Meskipun kadar lemak yang tidak normal dalam darah dan peradangan dapat menjadi faktor risiko bersama antara memiliki penyakit arteri koroner dan mengembangkan penyakit Alzheimer, para peneliti di Edith Cowan University, Australia, mengatakan bahwa proses yang mendasari hubungan tersebut masih belum jelas.
Dalam penelitian ini, mereka menggunakan metode genetik untuk memeriksa hubungan rumit antara penyakit jantung dan penyakit Alzheimer. Tim peneliti memilih untuk mempelajari tujuh faktor yang berhubungan dengan penyakit jantung, seperti penyakit arteri koroner dan angina, serta 13 lipid, termasuk kolesterol - baik yang 'baik' maupun yang 'buruk'. Penelitian sebelumnya telah lama menunjukkan bahwa lipid berperan dalam perkembangan penyakit Alzheimer.

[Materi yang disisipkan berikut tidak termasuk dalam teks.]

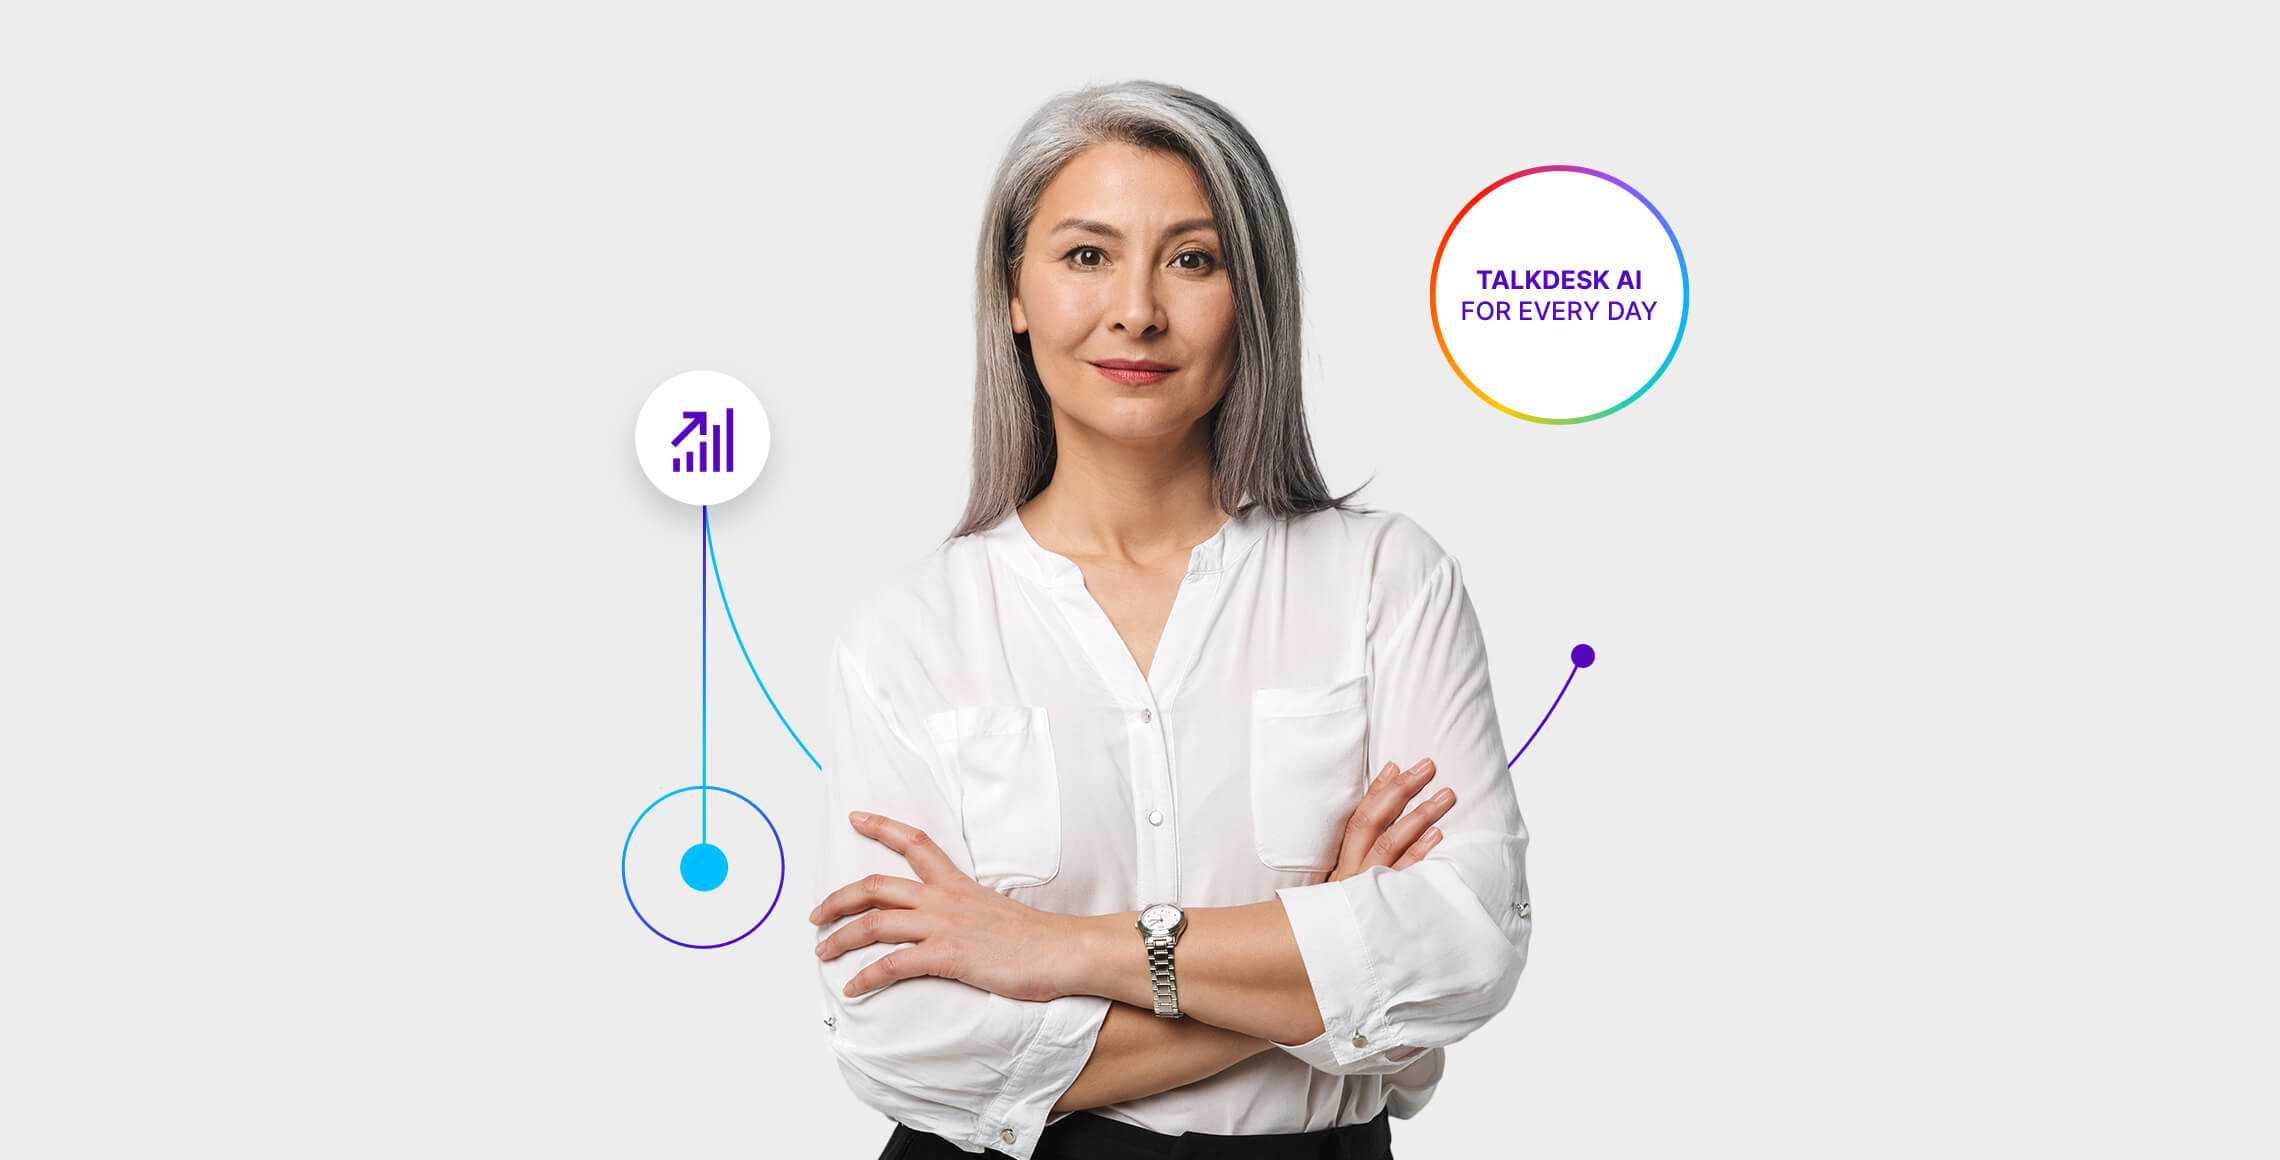 A woman smiles with crossed arms, surrounded by icons that represent the possibilities of AI for insurance and CX

"Analisis komprehensif kami mengungkapkan korelasi genetik global yang signifikan dan positif antara penyakit Alzheimer dan tiga sifat lipid: LDL (kolesterol 'jahat'), trigliserida, dan kolesterol total," tulis para penulis dalam studi yang diterbitkan dalam International Journal of Molecular Sciences, dikutip dari Hindustan Times, Rabu (21/8).
Hal ini menunjukkan bahwa lipid tertentu, tidak semua, mungkin memiliki hubungan genetik yang lebih langsung dengan penyakit Alzheimer, kata mereka. Namun, banyak lipid yang diteliti oleh para penulis secara genetik terkait dengan penyakit arteri koroner.
"Secara khusus, kami menemukan korelasi genetik yang signifikan antara ciri-ciri penyakit arteri koroner dan profil lipid seperti HDL, LDL, trigliserida, dan kolesterol total, selaras dengan literatur yang ada yang menggarisbawahi interaksi genetik dalam faktor risiko kardiovaskular," tulis mereka.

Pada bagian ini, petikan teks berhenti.